As fate would have it Sweatpants Guy and I left the second store at the same time so this time I turned to him and said “It’s not every day a gal asks you out in the super market.”  He flashed that amazing smile and said, “I know, she really made my day.”

I have no idea if Sweatpants Guy and Ponytail Girl got together but I love that I was there to witness their real life encounter.  As I walked home with arms full of groceries I decided to make it a goal to ask a complete stranger out on date in person before the end of the year.

Thanks Sweatpants Guy and Ponytail girl for reminding me there are other ways to connect, ways that are spontaneous, true, real and a bit magical.

Have you ever asked a total stranger out in person (in the last 5 years)?  How did it go?

When Men Were Kings

My grandfather (Poppa) turned 103 this weekend.   In his lifetime he lived through wars, prohibition, the depression, the first moonwalk, the invention of talking motion pictures, Penicillin, television, credit cards, and so much more.  He also held over twenty jobs in his lifetime including taxi driver, mechanic, and he even ran the player piano at a local roller skating rink.

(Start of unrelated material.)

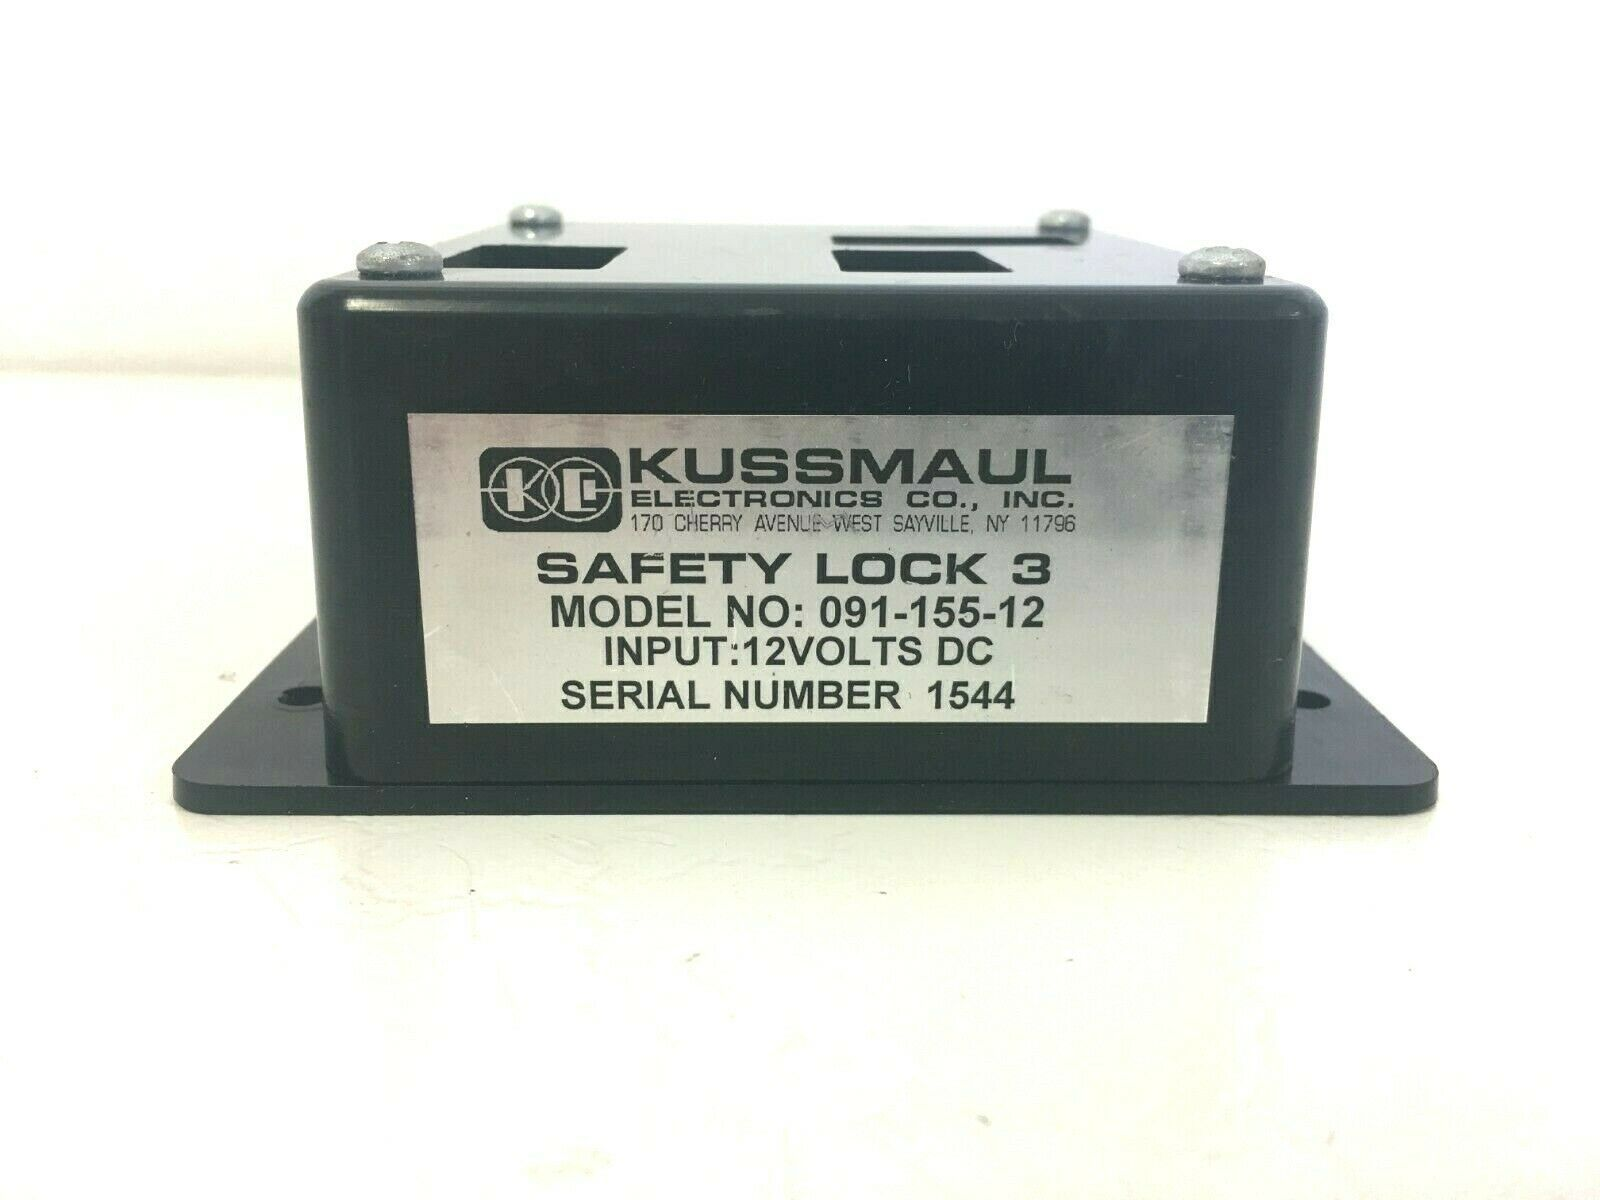 Kussmaul Safety lock 3 model 091-155-12 (8446)

Poppa was lucky enough to be of sound mind until he was about 101.  Even today he remembers things from his youth with the clarity of someone much younger.  Once I was old enough to understand how fascinating Poppa’s life experiences were, I began to ask probing questions hoping to spark a story. “Tell me about making home brew,” I would ask.  “Did you know any gangsters, members of the Black Hand perhaps?”  These questions would start Poppa down an enchanting path full of characters named Zig Zag and Gooch.  He told of hiding men in barrels, smuggling them out of town to safety and of high stake poker games behind iron doors in Pittsburgh. He also spoke of a time when men were kings.

When Poppa ended a story with “but that was when men were kings” the story sometimes involved accounts when women were considered less than men.  Stories about a time when men expected their wives and children to walk behind them when they walked into town.  Stories modern women would consider shocking. However, more often his “When Men Were Kings” stories were about how hard everyone worked and how respect, kindness and chivalry were fundamental qualities that men possessed.

My work and lifestyle enable me to meet many new people, sometimes up to fifty or sixty a year. The more I meet, the more I notice the lack of fundamental qualities men possess that, in my eyes, make a man a king.

Things like really listening to the person across the table – the conference room table or the dinner table.  Complimenting how someone looks. Taking an interest in someone’s life, or friends.  Treating people with genuine kindness and dare I say, even displaying a bit of chivalry.  Opening a car door, paying for a first date, leading a lady through a door, not cursing like a sailor and dressing like a man, not a boy, for a formal occasion are things I find less and less the norm.

Please understand, I know there are many men out there worthy of a crown.   I know a few personally.  I’m simply making a broad observation.   It just seems that genuineness and chivalry are slowly becoming obsolete and sometimes I wonder, should I ever have a daughter, will she encounter a king or will she only find them in the tales I tell of time when men were truly kings.